- Born: Karen Diane Lemmons February 24, 1959 (age 67) St. Louis, Missouri, U.S.
- Occupations: Actress, film director, writer
- Years active: 1979–present
- Spouse: Vondie Curtis-Hall ​ ​(m. 1995)​
- Children: 2, including Henry Hunter Hall

= Kasi Lemmons =

American actress and director

Kasi Lemmons (/ˈkeɪsi/; born Karen Diane Lemmons, February 24, 1959) is an American film director, screenwriter, and actress. She made her directorial debut with Eve's Bayou (1997), followed by The Caveman's Valentine (2001), Talk to Me (2007), Black Nativity (2013), Harriet (2019), and Whitney Houston: I Wanna Dance with Somebody (2022). In 2007, film scholar Wheeler Winston Dixon called her first three films "deeply resonant personal statements ... Lemmons's work is an ongoing testament to the creative possibilities of film."

As an actress, her film debut was in Spike Lee's School Daze (1988).

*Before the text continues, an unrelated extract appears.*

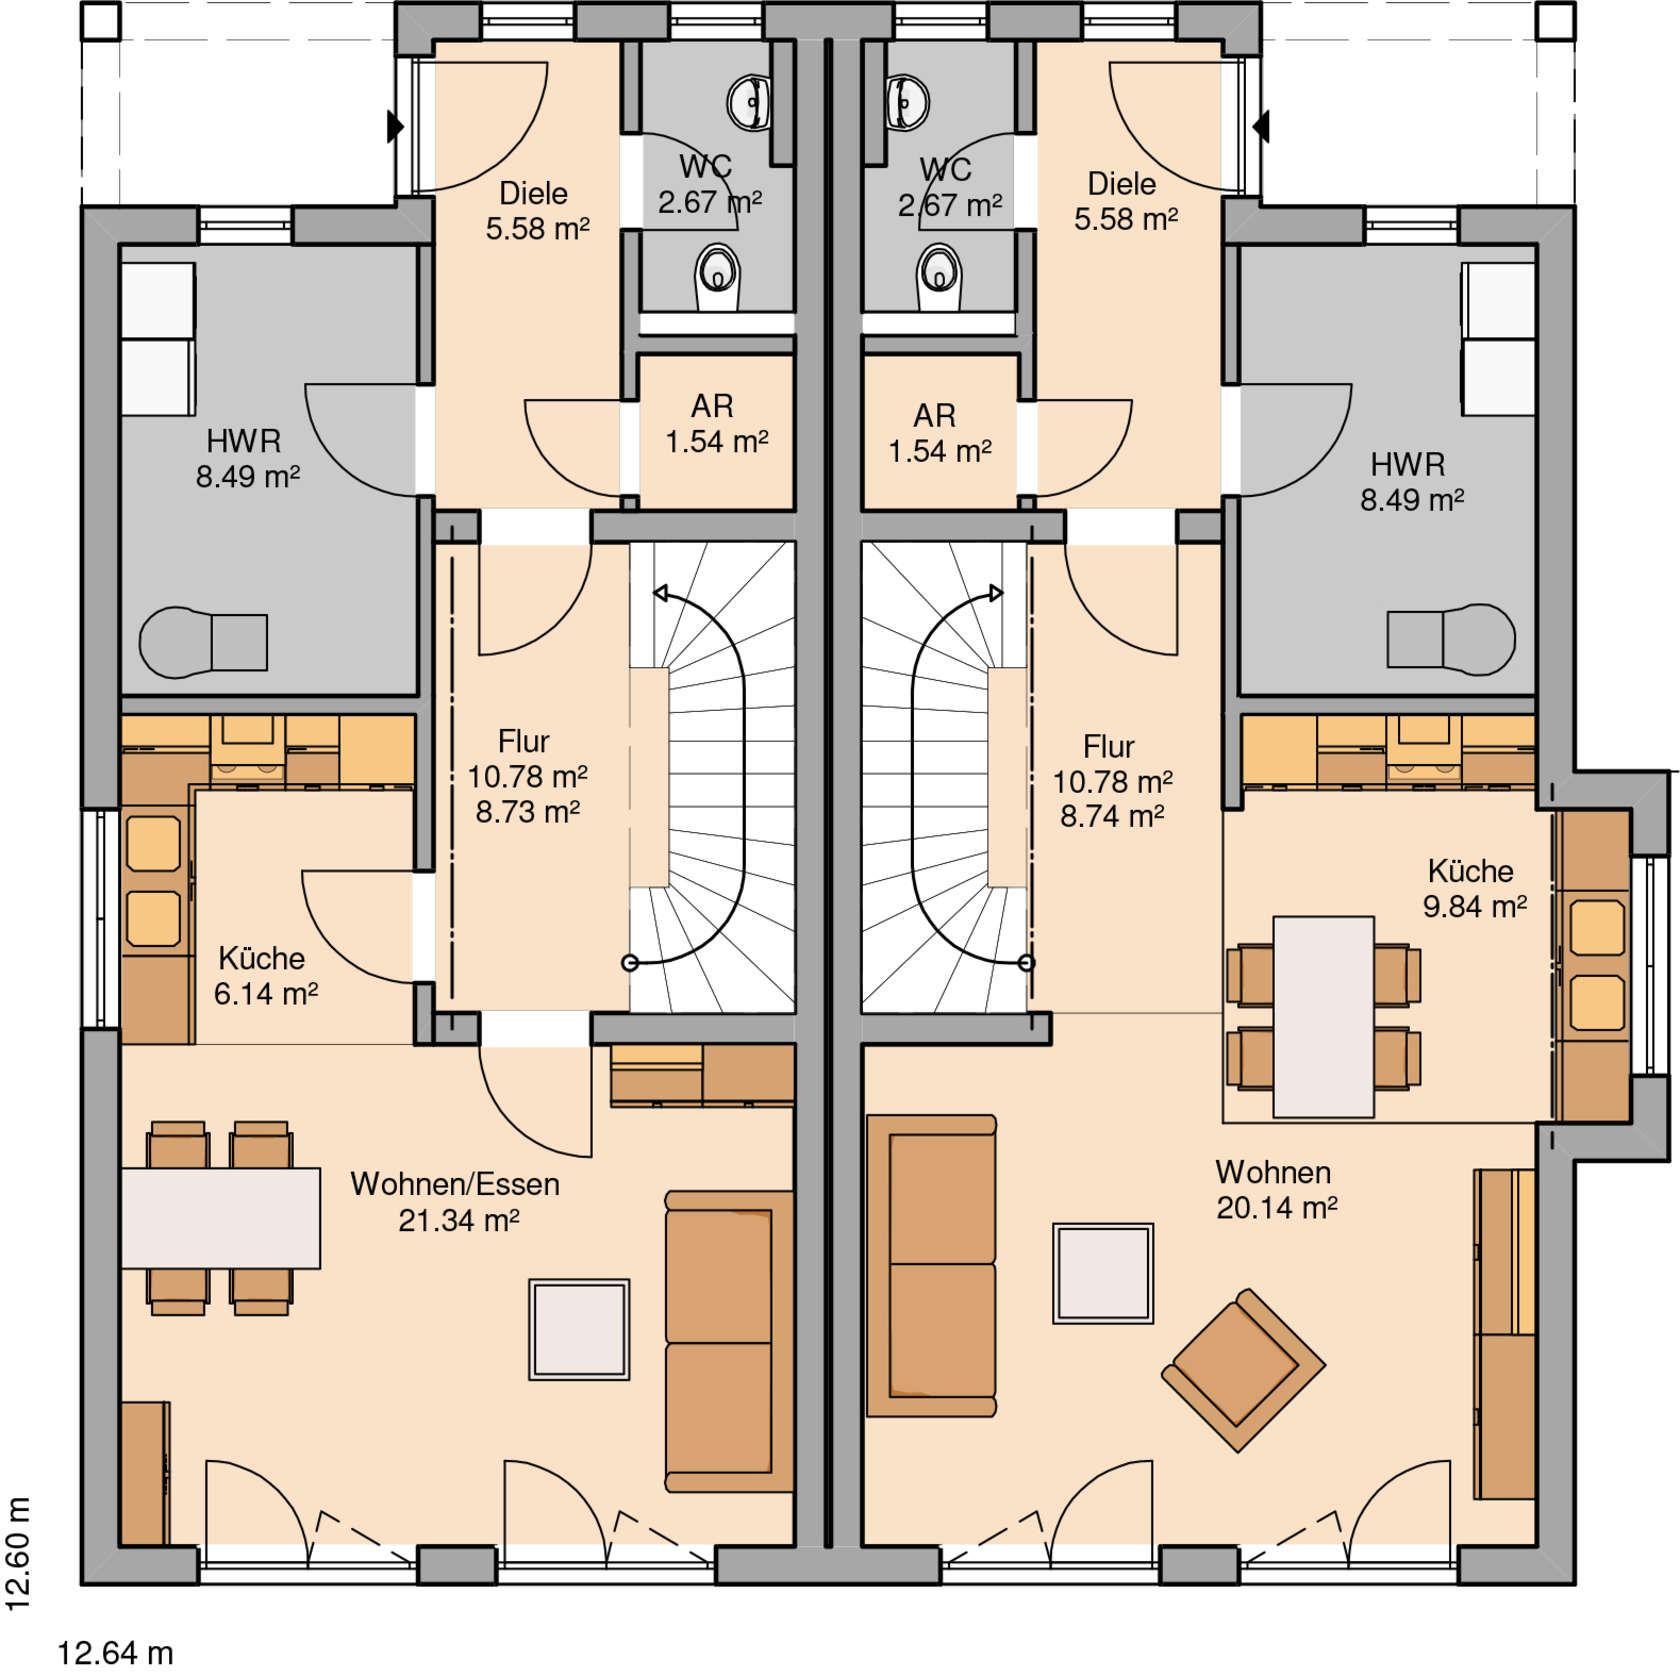 Küchenplan grundriss häuser  birgit  pinterest  haus tiny houses and house

She continued acting in Vampire's Kiss (1989), The Silence of the Lambs (1991), and Candyman (1992).

==Early life and education==
Lemmons was born in St. Louis, Missouri, the daughter of Dorothy Othello (née Stallworth) and Milton Francis Lemmons. Her father was a biology teacher and her mother was a counselor who later became a psychologist. In a 2021 episode of Finding Your Roots, Lemmons learned that her third-great-grandfather was transported to the United States from Africa in the early-19th century, and that she was a distant relative of actor Kevin Bacon.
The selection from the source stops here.